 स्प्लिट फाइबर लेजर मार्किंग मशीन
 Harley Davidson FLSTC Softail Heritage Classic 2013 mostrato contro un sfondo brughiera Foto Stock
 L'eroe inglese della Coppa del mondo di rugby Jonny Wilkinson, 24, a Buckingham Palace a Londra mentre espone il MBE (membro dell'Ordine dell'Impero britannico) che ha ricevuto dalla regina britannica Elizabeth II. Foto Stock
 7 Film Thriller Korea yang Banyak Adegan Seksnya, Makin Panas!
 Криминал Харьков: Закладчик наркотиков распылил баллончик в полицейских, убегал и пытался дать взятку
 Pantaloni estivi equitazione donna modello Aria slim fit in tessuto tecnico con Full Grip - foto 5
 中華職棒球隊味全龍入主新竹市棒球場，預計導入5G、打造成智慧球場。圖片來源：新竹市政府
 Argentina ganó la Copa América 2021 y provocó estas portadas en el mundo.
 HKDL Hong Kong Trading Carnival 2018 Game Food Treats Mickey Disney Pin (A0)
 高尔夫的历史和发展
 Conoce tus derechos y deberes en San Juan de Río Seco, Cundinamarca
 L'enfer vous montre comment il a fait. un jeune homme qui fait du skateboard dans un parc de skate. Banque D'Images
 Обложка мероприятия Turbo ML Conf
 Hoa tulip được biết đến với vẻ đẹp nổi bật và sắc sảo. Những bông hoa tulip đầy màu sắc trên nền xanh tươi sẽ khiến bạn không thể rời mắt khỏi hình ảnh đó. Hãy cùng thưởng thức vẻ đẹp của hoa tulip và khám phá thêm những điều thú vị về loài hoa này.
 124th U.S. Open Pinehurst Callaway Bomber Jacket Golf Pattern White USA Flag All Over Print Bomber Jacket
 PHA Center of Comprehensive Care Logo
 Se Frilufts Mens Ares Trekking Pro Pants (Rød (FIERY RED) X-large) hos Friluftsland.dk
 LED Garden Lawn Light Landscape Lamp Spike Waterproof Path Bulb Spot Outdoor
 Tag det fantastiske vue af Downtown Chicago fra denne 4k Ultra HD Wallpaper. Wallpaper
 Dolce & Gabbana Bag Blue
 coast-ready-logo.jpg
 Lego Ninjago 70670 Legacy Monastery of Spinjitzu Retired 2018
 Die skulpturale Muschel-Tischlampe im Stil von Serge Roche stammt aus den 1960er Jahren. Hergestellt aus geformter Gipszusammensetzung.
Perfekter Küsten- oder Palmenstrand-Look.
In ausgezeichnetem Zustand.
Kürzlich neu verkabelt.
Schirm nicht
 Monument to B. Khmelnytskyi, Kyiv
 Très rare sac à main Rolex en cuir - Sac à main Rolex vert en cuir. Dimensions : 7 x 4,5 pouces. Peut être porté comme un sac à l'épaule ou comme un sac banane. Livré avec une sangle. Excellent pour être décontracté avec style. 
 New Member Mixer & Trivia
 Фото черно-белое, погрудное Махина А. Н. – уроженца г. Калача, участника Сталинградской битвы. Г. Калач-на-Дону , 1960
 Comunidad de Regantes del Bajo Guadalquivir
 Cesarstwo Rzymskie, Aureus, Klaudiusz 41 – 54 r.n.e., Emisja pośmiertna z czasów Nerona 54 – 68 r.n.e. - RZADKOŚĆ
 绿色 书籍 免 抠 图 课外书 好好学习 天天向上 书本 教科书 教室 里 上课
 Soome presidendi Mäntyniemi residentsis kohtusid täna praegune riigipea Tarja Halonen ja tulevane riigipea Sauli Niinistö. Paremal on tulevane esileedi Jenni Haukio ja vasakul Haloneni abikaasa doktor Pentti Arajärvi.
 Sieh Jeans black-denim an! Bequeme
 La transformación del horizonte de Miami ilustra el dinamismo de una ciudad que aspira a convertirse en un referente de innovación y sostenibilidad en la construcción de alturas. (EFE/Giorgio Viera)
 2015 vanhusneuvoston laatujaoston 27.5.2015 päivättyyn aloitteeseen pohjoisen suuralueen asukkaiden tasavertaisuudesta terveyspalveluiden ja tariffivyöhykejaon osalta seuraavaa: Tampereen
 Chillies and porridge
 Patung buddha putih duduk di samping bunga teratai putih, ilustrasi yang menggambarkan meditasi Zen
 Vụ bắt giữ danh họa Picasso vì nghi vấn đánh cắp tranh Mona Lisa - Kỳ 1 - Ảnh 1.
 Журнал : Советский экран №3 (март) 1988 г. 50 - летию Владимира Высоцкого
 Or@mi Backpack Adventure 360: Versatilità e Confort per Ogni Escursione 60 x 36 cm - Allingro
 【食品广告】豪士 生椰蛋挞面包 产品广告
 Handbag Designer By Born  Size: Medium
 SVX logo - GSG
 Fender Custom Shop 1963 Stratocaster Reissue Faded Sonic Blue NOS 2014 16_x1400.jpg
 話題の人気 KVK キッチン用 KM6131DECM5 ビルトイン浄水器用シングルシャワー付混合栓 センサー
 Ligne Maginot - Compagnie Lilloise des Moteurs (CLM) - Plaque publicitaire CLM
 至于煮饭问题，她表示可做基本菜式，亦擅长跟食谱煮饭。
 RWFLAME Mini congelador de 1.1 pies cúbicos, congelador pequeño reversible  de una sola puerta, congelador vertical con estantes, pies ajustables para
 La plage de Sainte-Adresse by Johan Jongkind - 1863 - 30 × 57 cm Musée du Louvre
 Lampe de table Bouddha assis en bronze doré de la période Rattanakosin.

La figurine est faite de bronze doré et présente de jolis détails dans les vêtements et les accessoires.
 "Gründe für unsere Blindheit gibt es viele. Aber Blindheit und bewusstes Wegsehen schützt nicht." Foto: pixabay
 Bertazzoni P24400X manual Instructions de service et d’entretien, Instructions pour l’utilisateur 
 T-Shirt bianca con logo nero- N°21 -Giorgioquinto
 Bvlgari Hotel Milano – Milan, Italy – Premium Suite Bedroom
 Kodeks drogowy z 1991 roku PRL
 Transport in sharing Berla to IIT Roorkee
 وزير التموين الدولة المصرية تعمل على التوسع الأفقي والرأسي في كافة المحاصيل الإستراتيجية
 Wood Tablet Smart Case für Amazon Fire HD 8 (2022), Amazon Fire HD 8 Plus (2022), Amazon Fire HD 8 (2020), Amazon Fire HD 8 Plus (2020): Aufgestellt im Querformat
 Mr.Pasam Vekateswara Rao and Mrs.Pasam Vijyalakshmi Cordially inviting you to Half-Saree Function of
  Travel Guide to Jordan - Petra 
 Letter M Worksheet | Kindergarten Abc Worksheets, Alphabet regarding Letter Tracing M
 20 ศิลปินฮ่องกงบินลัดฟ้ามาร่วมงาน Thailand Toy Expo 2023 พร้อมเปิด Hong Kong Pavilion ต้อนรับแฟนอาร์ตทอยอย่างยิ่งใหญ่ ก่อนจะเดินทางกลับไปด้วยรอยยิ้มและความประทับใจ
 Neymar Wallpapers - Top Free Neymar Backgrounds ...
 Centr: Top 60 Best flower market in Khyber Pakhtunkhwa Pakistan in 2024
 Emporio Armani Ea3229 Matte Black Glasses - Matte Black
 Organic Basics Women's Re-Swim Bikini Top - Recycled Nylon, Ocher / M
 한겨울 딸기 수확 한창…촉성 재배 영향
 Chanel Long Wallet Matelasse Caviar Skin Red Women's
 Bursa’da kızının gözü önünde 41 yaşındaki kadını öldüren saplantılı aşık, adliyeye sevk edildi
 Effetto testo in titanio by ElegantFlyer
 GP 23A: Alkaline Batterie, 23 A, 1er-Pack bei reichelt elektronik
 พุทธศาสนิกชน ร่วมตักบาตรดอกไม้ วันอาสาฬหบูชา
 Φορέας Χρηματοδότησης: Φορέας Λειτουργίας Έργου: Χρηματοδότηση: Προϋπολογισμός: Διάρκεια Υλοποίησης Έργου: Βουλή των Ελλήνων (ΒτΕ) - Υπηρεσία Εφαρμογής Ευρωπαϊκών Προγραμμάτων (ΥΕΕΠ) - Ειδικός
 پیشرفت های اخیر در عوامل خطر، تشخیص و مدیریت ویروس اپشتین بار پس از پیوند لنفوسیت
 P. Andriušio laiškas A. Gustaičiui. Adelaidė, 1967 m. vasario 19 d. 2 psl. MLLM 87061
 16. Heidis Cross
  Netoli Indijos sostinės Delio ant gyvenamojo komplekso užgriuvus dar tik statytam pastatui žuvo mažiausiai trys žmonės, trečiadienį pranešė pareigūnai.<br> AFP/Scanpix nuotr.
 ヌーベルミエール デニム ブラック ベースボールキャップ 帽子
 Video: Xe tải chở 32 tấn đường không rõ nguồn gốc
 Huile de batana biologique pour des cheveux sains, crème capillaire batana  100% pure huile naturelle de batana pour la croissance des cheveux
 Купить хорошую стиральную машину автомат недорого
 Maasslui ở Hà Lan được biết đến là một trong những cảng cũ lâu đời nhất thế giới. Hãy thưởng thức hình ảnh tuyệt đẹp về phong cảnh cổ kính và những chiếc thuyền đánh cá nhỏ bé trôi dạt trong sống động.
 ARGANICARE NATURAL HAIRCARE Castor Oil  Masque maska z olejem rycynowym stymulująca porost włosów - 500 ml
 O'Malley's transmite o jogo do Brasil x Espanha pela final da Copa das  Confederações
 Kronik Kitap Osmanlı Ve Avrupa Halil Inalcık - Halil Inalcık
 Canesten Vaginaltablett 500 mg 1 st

....

### [WHAT THE EXERCISE ASKS]
Find how many lines in the records contain the string "Kong", then give the number alone.

### [RESPONSE AREA]
2